Æ Situation de vie et maternité

Pour décrire leur situation de vie, les participantes ont été divisées en quatre sous-groupes, selon qu’elles vivent seules ou pas, avec ou sans enfants (tableaux 25 à 29). Un peu plus de la moitié sont en couple, depuis trois mois à 25 ans. La durée moyenne des relations est de sept ans et demi. Elles vivent généralement avec leur conjointe mais quelques couples ne cohabitent pas (tableau 25). Les autres vivent seules et ne sont pas engagées dans une relation amoureuse. D’après la littérature existante, un grand nombre de lesbiennes sont mères, soit une sur cinq (Arnup 1995, notamment). Les participantes à l’étude le sont dans les mêmes proportions, soit onze des 53. Elles ont au total 17 enfants, soit 1,5 par femme qui est mère ou 0,3 enfant par répondante. Neuf lesbiennes vivent en couple avec un ou deux enfants à charge, une est monoparentale et une est la mère d’un adulte ne cohabitant pas avec elle.

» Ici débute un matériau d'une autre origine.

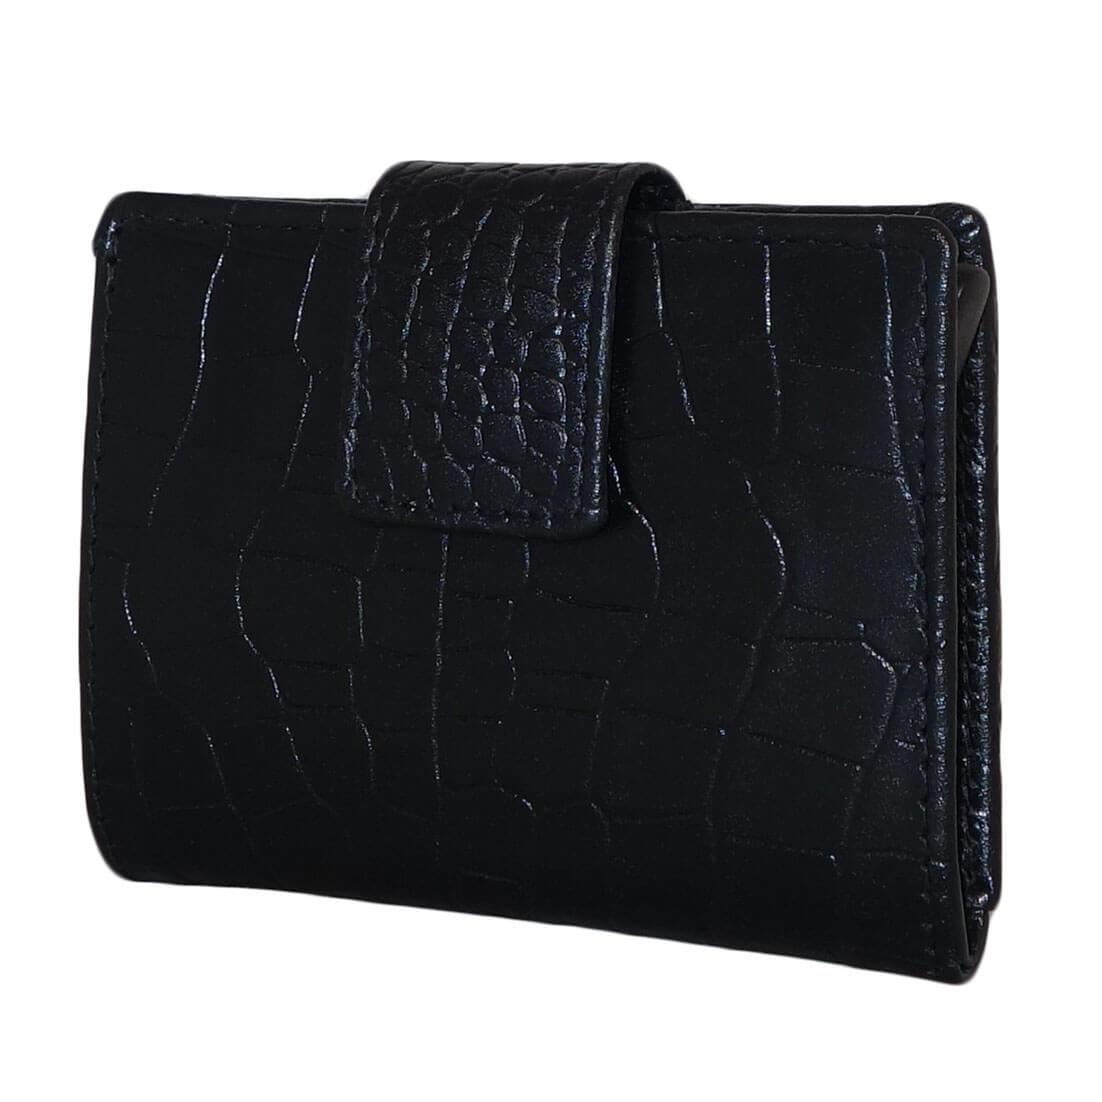 Porte-monnaie En Cuir Design Croco Noir Avec Porte-boîte xmrJJ0dA
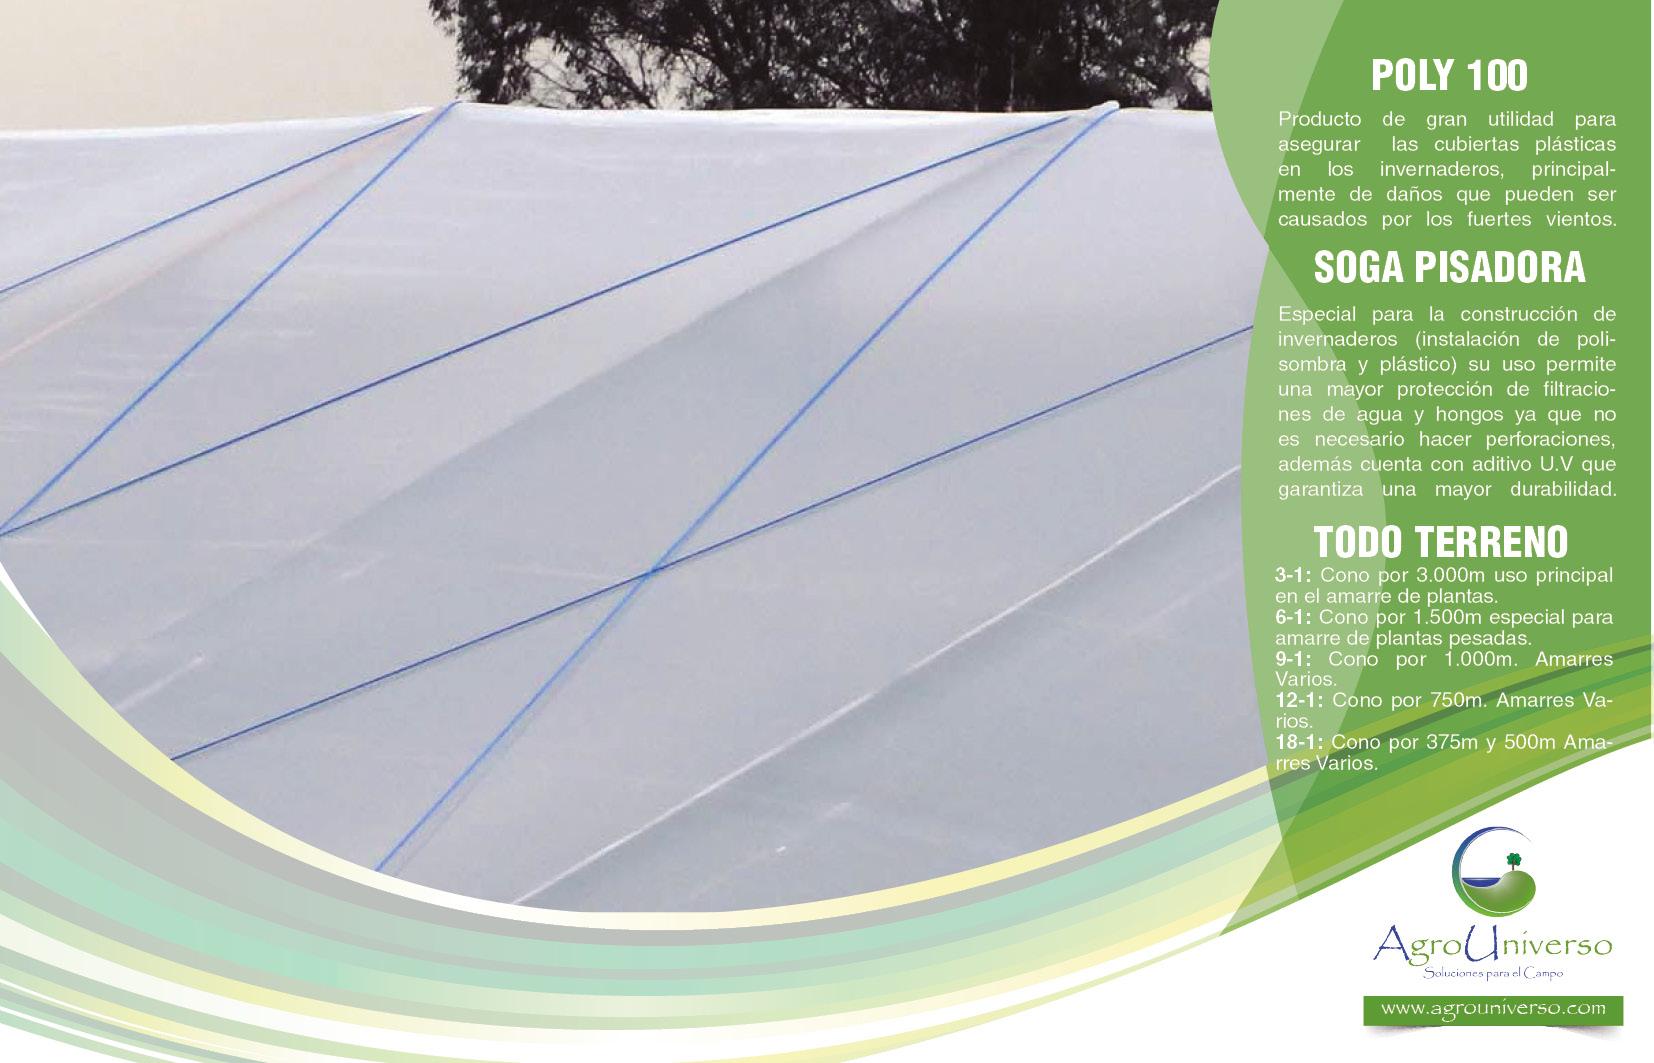 Catlogo-de-productos-Agrouniverso-20

Parmi ces onze mères, sept sont mères biologiques, les quatre autres « co-mères » (tableau 29). Pour accéder à la maternité, six ont procédé par insémination artificielle, quatre ont eu des enfants alors qu’elles étaient mariées et une a pu recourir à l’adoption internationale à titre de mère célibataire. Parmi les six femmes qui ont opté pour l’insémination, quatre ont demandé à un ami de donner son sperme (donneur connu) et les deux autres ont réussi à avoir accès à une banque de sperme (donneur inconnu). Deux femmes ayant participé à l’entretien de groupe sur la maternité étaient en démarche d’accès à la maternité par insémination artificielle.